ESXi4 - vmfs corruption after multipath problem, what was our error?
Yesterday my company had severe server-unavailability failure, which we thought is impossible to happen.
Even tho eveything is now now working with minimal time&data loss, we still have no idea what was the cause - any ideas are welcomed
So, we have 2 sites, an IBM DS-8300 in both sites, 3 ESX servers in both sites (total 6 ESXi, 2 DS).
2 fiber switches in every site (Brocade), with dedicated fiber channel.
So an ESX server has 4 distinct paths to a LUN.
What started the failure, was "killing" one of paths via dropping a port in one of fiber switches - we had done this before and everything until today was smooth with no problems.
For an hour or so, there were 4 or 5 such "port drops", with at least 4-5 minutes between.
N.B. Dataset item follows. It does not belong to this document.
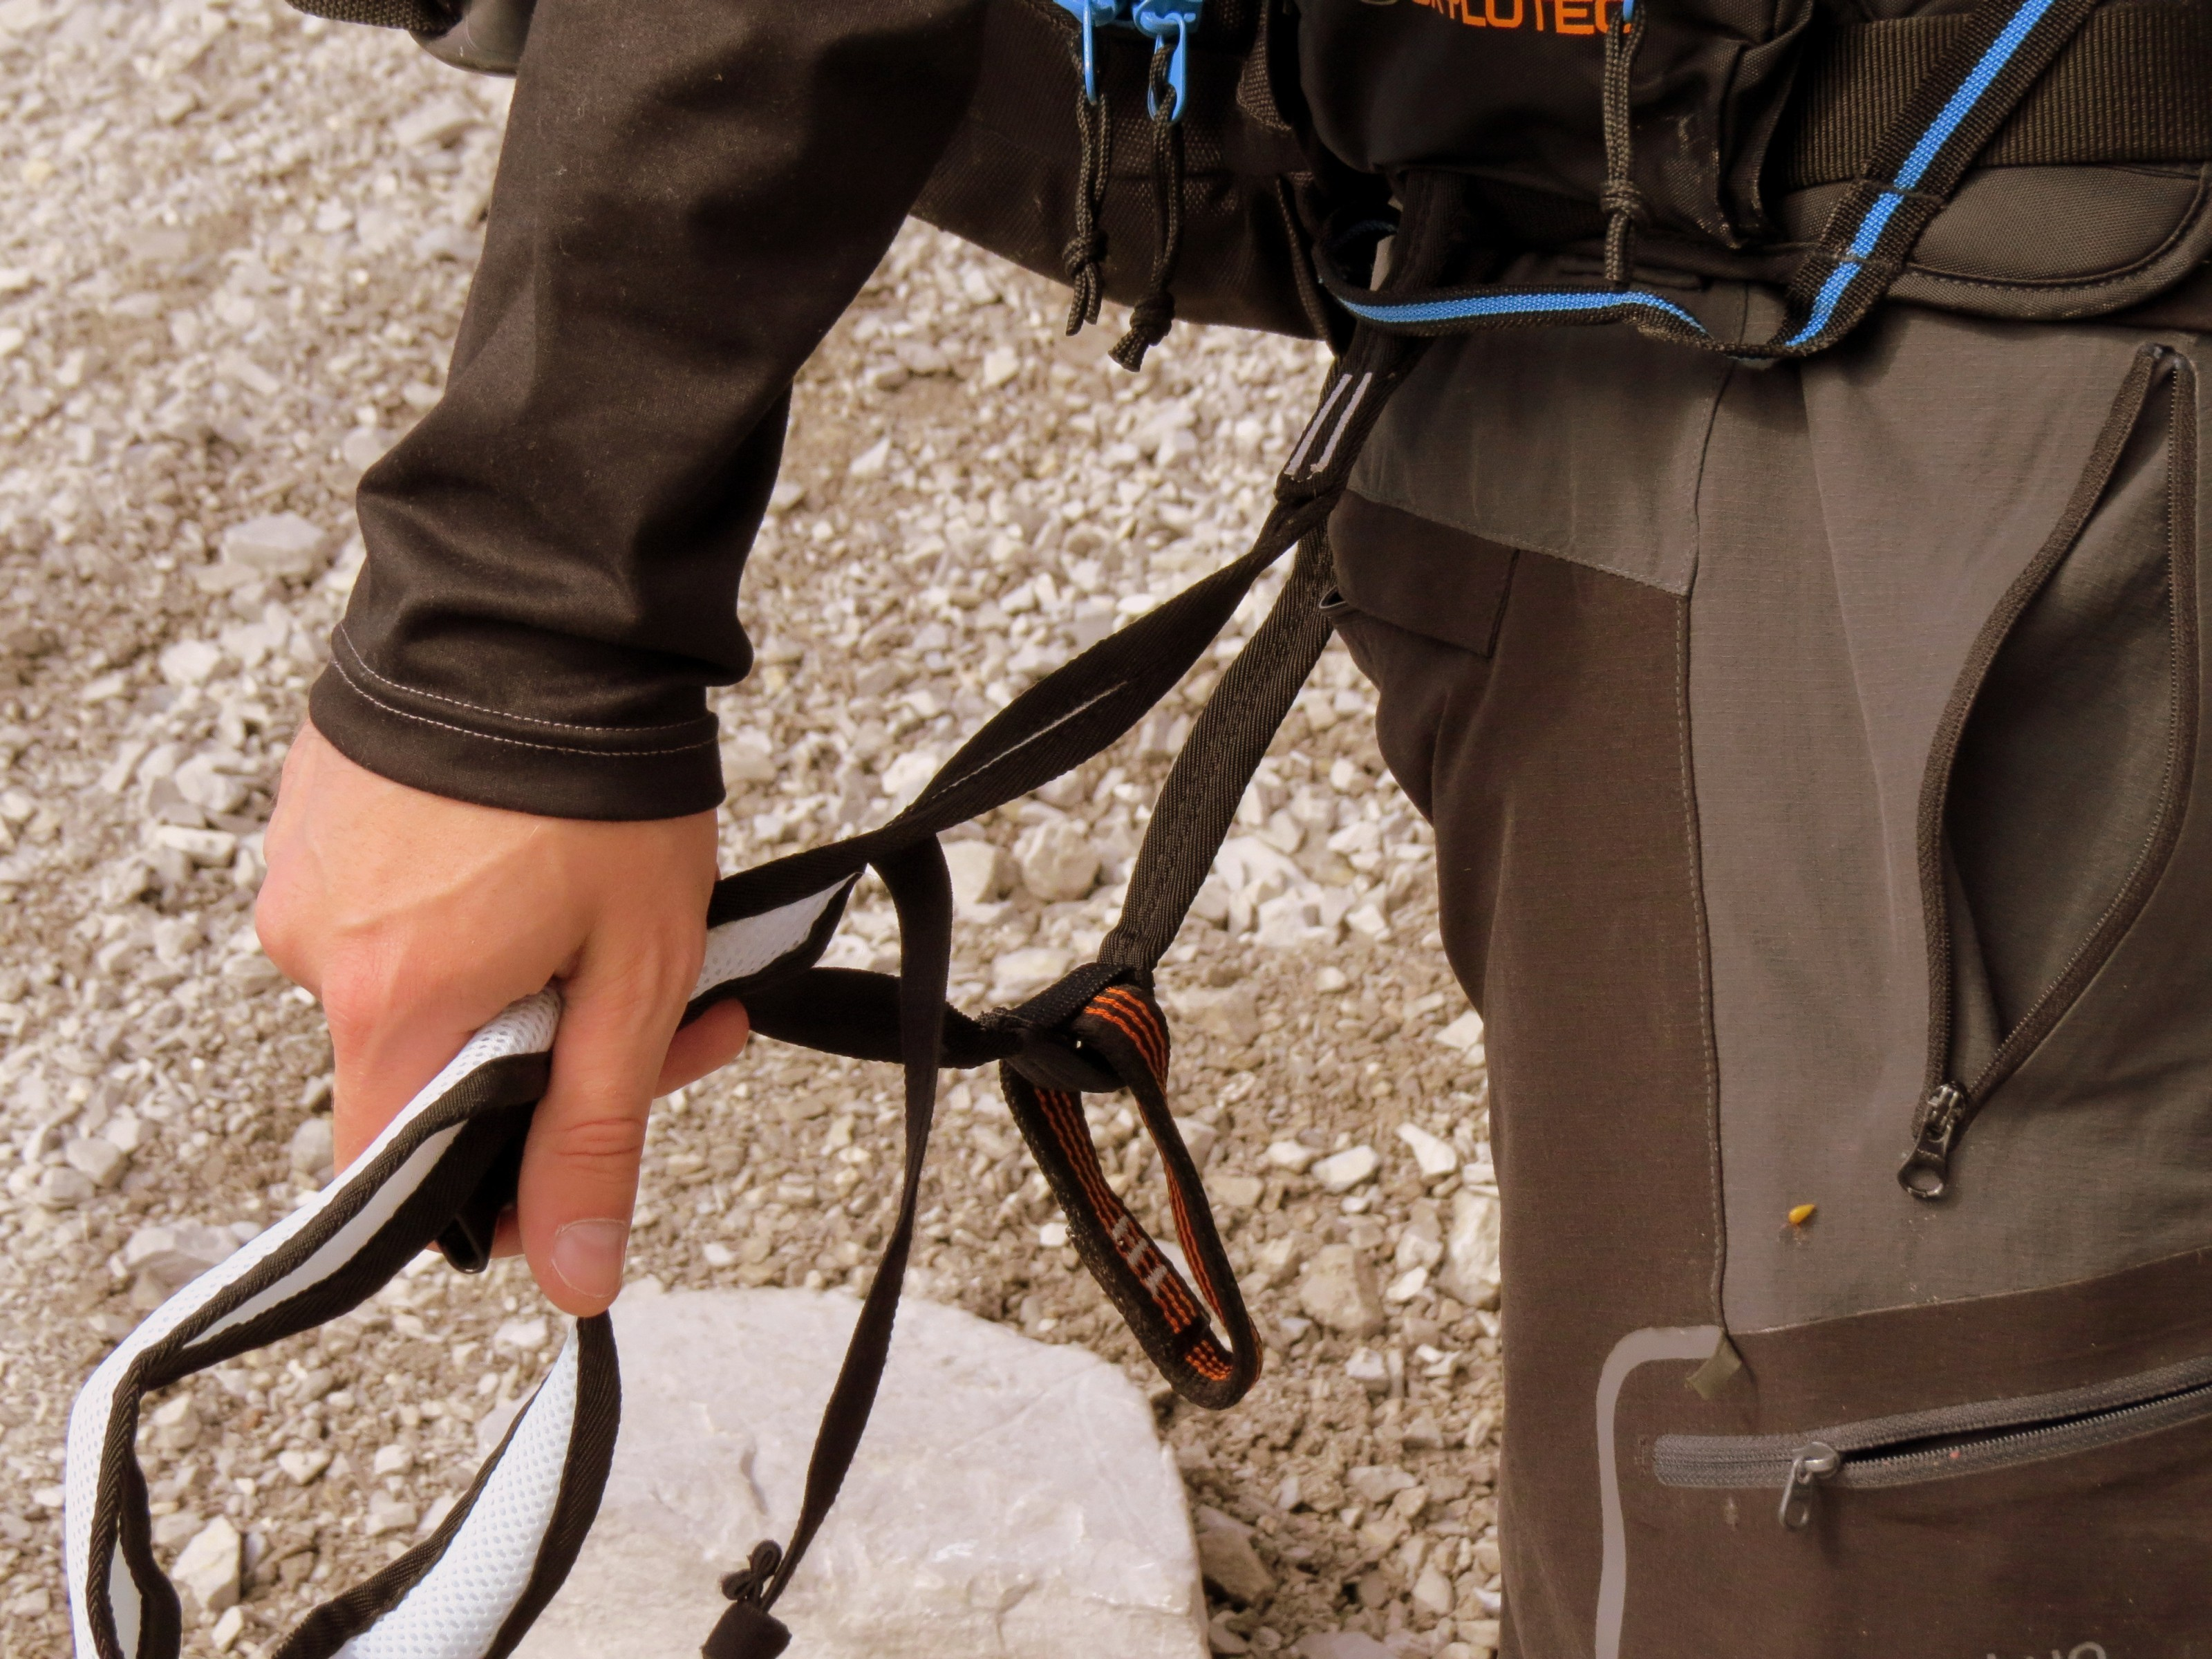 Skylotec Klettergurt Test : Rucksack im test der skylotec mit integriertem

And in one moment the sky had fallen - ESX servers started losing LUN connectivity, with running VMs going into "suspend" condition.
We have serveral non-ESX servers which use same fiber switches and DS storages - some WIn2008R2 (Exchange, MS SQL), some Aix and Linux machines.
None of these machines failed and losed connectivty 😕
We had a high priority VM, which had to be made available ASAP. So we started giving "shut down guest" commands, hoping to shut down everything unimportant and bring back this machine and its lun.
After hours, after restarting all ESX servers, we got corrupted 1.5TB VMFS partition - with ~ 10 VMs on it, most of them were working at time of incident.
Mounting partition to only 1 server and running vmkfstools "fixed" the partiton and all VMs were successfully restored.
But we have no explanation why this happened.
Is it problem with vmware 4.1 corrupting vmfs when under high i/o load when path fails?